Every record below should appear in your answer, copied exactly.

- [Available data]
Content starts
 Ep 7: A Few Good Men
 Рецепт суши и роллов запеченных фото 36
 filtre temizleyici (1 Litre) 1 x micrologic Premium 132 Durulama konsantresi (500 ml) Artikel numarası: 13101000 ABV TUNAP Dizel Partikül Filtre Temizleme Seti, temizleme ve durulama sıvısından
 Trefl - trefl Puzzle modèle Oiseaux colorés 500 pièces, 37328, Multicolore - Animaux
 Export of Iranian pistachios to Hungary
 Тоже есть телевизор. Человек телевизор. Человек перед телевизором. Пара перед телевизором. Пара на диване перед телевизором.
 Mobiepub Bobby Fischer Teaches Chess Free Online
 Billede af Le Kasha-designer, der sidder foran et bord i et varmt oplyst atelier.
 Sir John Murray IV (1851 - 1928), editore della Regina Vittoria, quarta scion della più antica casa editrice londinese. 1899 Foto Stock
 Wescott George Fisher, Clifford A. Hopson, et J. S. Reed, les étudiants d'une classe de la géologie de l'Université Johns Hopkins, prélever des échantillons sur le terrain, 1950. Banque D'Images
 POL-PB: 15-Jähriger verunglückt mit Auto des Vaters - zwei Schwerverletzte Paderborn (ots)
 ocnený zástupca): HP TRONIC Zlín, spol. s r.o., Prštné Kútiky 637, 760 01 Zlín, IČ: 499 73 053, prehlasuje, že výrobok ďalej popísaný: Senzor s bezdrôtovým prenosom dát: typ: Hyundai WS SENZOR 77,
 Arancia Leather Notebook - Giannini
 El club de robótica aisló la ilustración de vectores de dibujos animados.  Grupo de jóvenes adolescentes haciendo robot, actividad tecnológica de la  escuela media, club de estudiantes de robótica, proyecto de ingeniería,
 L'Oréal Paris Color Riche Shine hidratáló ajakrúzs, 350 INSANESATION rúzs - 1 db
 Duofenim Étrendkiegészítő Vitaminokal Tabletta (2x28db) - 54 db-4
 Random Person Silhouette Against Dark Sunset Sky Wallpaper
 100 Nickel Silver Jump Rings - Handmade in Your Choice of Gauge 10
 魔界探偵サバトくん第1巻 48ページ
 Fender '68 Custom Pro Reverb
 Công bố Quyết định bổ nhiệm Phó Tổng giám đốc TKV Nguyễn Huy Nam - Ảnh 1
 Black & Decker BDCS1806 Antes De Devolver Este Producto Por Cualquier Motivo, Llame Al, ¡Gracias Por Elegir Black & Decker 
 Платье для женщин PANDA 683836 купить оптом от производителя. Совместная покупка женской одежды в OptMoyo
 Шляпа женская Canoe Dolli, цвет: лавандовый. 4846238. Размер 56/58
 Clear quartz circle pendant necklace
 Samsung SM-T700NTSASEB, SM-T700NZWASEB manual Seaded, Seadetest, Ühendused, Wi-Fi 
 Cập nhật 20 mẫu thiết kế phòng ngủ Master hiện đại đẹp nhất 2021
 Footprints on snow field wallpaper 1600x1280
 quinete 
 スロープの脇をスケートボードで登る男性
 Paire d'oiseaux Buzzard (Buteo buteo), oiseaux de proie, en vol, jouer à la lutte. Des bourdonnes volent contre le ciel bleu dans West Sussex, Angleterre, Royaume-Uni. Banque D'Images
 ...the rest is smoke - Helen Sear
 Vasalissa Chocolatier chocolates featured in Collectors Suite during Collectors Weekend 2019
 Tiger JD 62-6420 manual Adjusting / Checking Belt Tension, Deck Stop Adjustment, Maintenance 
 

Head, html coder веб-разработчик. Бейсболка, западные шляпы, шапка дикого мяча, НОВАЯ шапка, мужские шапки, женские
Content ends
- [Task output]
 Ep 7: A Few Good Men
 Рецепт суши и роллов запеченных фото 36
 filtre temizleyici (1 Litre) 1 x micrologic Premium 132 Durulama konsantresi (500 ml) Artikel numarası: 13101000 ABV TUNAP Dizel Partikül Filtre Temizleme Seti, temizleme ve durulama sıvısından
 Trefl - trefl Puzzle modèle Oiseaux colorés 500 pièces, 37328, Multicolore - Animaux
 Export of Iranian pistachios to Hungary
 Тоже есть телевизор. Человек телевизор. Человек перед телевизором. Пара перед телевизором. Пара на диване перед телевизором.
 Mobiepub Bobby Fischer Teaches Chess Free Online
 Billede af Le Kasha-designer, der sidder foran et bord i et varmt oplyst atelier.
 Sir John Murray IV (1851 - 1928), editore della Regina Vittoria, quarta scion della più antica casa editrice londinese. 1899 Foto Stock
 Wescott George Fisher, Clifford A. Hopson, et J. S. Reed, les étudiants d'une classe de la géologie de l'Université Johns Hopkins, prélever des échantillons sur le terrain, 1950. Banque D'Images
 POL-PB: 15-Jähriger verunglückt mit Auto des Vaters - zwei Schwerverletzte Paderborn (ots)
 ocnený zástupca): HP TRONIC Zlín, spol. s r.o., Prštné Kútiky 637, 760 01 Zlín, IČ: 499 73 053, prehlasuje, že výrobok ďalej popísaný: Senzor s bezdrôtovým prenosom dát: typ: Hyundai WS SENZOR 77,
 Arancia Leather Notebook - Giannini
 El club de robótica aisló la ilustración de vectores de dibujos animados.  Grupo de jóvenes adolescentes haciendo robot, actividad tecnológica de la  escuela media, club de estudiantes de robótica, proyecto de ingeniería,
 L'Oréal Paris Color Riche Shine hidratáló ajakrúzs, 350 INSANESATION rúzs - 1 db
 Duofenim Étrendkiegészítő Vitaminokal Tabletta (2x28db) - 54 db-4
 Random Person Silhouette Against Dark Sunset Sky Wallpaper
 100 Nickel Silver Jump Rings - Handmade in Your Choice of Gauge 10
 魔界探偵サバトくん第1巻 48ページ
 Fender '68 Custom Pro Reverb
 Công bố Quyết định bổ nhiệm Phó Tổng giám đốc TKV Nguyễn Huy Nam - Ảnh 1
 Black & Decker BDCS1806 Antes De Devolver Este Producto Por Cualquier Motivo, Llame Al, ¡Gracias Por Elegir Black & Decker 
 Платье для женщин PANDA 683836 купить оптом от производителя. Совместная покупка женской одежды в OptMoyo
 Шляпа женская Canoe Dolli, цвет: лавандовый. 4846238. Размер 56/58
 Clear quartz circle pendant necklace
 Samsung SM-T700NTSASEB, SM-T700NZWASEB manual Seaded, Seadetest, Ühendused, Wi-Fi 
 Cập nhật 20 mẫu thiết kế phòng ngủ Master hiện đại đẹp nhất 2021
 Footprints on snow field wallpaper 1600x1280
 quinete 
 スロープの脇をスケートボードで登る男性
 Paire d'oiseaux Buzzard (Buteo buteo), oiseaux de proie, en vol, jouer à la lutte. Des bourdonnes volent contre le ciel bleu dans West Sussex, Angleterre, Royaume-Uni. Banque D'Images
 ...the rest is smoke - Helen Sear
 Vasalissa Chocolatier chocolates featured in Collectors Suite during Collectors Weekend 2019
 Tiger JD 62-6420 manual Adjusting / Checking Belt Tension, Deck Stop Adjustment, Maintenance 
 

Head, html coder веб-разработчик. Бейсболка, западные шляпы, шапка дикого мяча, НОВАЯ шапка, мужские шапки, женские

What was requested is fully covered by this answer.